If $${\mathcal {A}}$$ is furthermore SRG-full, then $$\alpha {\mathcal {A}}$$, $${\mathcal {A}}\alpha$$, and $$I+ {\mathcal {A}}$$ are SRG-full.

### Proof

$${\mathcal {G}}(\alpha A)=\alpha {\mathcal {G}}(A)$$ and $${\mathcal {G}}(A\alpha )=\alpha {\mathcal {G}}(A)$$ follow from the definition of the SRG, and $${\mathcal {G}}(I+ A)=1+{\mathcal {G}}(A)$$ follows from (1).

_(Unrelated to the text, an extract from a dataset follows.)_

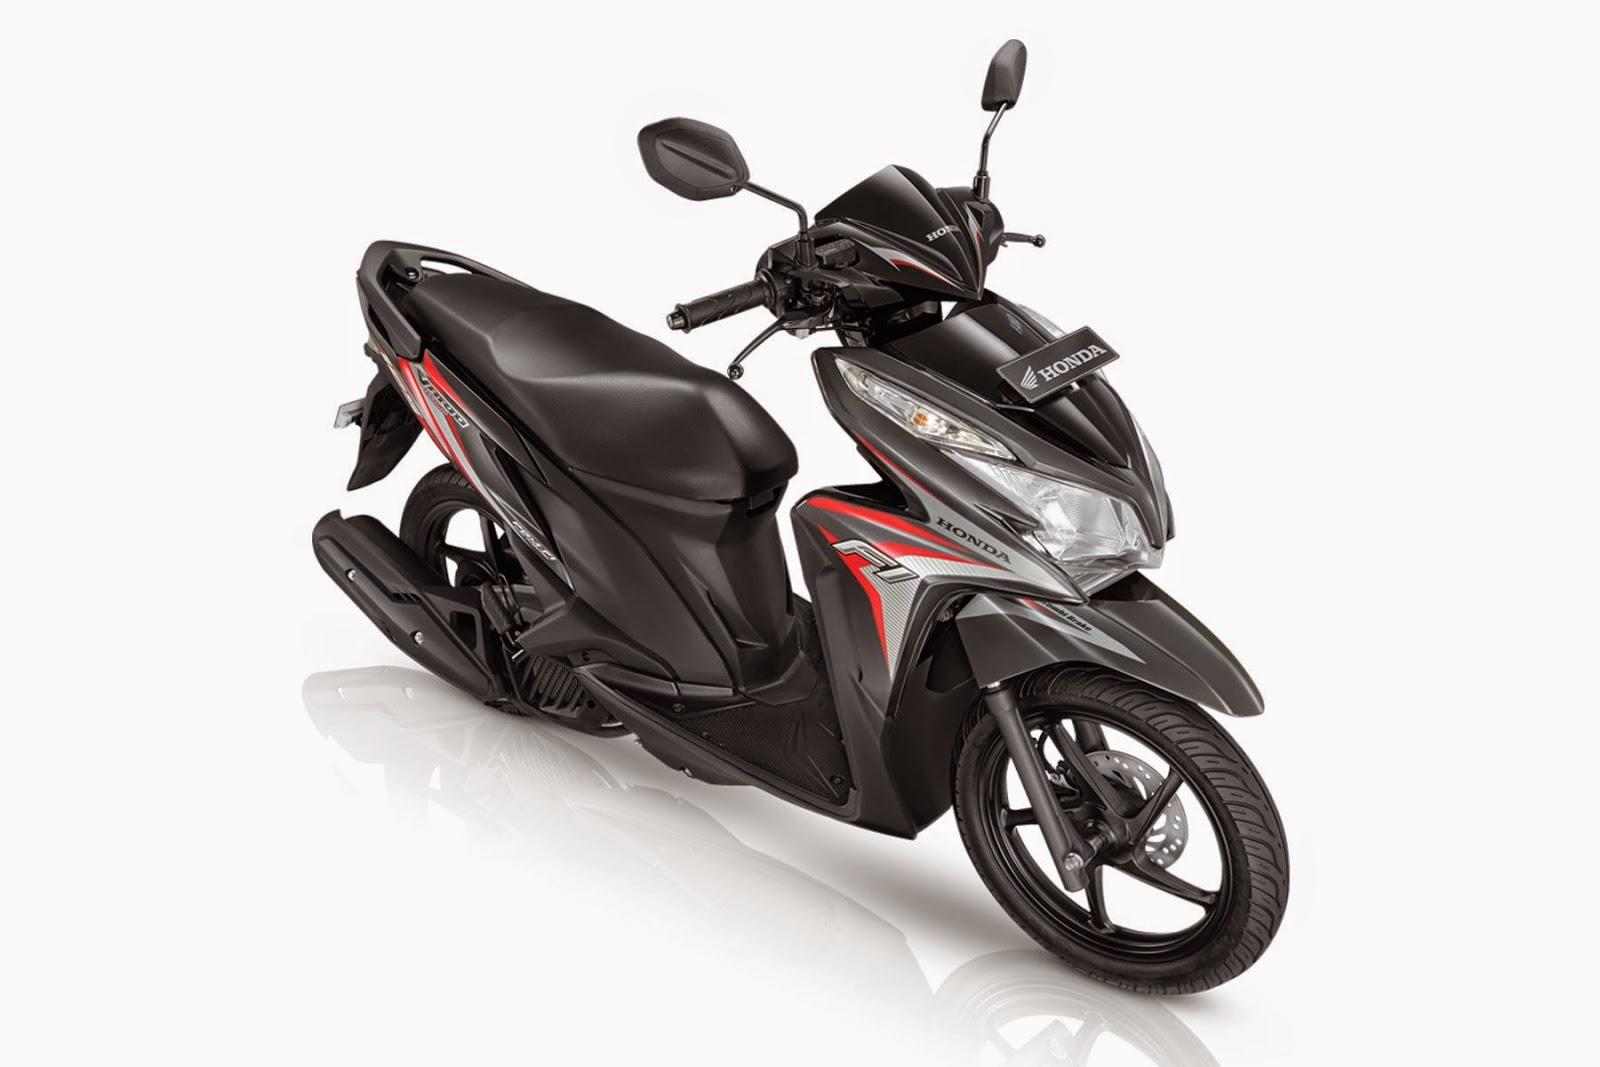 Kredit Motor Honda Vario Techno 125 CBS

The scaling and translation operations are reversible and $${\mathcal {G}}((1/\alpha ){\mathcal {A}})={\mathcal {G}}({\mathcal {A}}(1/\alpha ))=(1/\alpha ){\mathcal {G}}({\mathcal {A}})$$ and $${\mathcal {G}}({\mathcal {A}}-I)={\mathcal {G}}(A)-1$$. For any $$B:\mathcal {H}\rightrightarrows \mathcal {H}$$,

\begin{aligned} {\mathcal {G}}(B)\subseteq {\mathcal {G}}(\alpha {\mathcal {A}}) \quad \Rightarrow \quad {\mathcal {G}}((1/\alpha )B)\subseteq {\mathcal {G}}({\mathcal {A}}) \quad \Rightarrow \quad (1/\alpha )B\in {\mathcal {A}}\quad \Rightarrow \quad B\in \alpha {\mathcal {A}}, \end{aligned}

and we conclude $$\alpha {\mathcal {A}}$$ is SRG-full. By a similar reasoning, $${\mathcal {A}}\alpha$$ and $$I+ {\mathcal {A}}$$ are SRG-full. $$\square$$

Since a class of operators can consist of a single operator, if $$A:\mathcal {H}\rightrightarrows \mathcal {H}$$, then

\begin{aligned} {\mathcal {G}}(\alpha A)={\mathcal {G}}(A\alpha )=\alpha {\mathcal {G}}(A),\qquad {\mathcal {G}}(I+ A)=1+{\mathcal {G}}(A). \end{aligned}

To clarify, $$\alpha {\mathcal {G}}(A)$$ corresponds to scaling $${\mathcal {G}}(A)\subseteq \overline{\mathbb {C}}$$ by $$|\alpha |$$ and reflecting about the vertical axis (imaginary axis) if $$\alpha <0$$.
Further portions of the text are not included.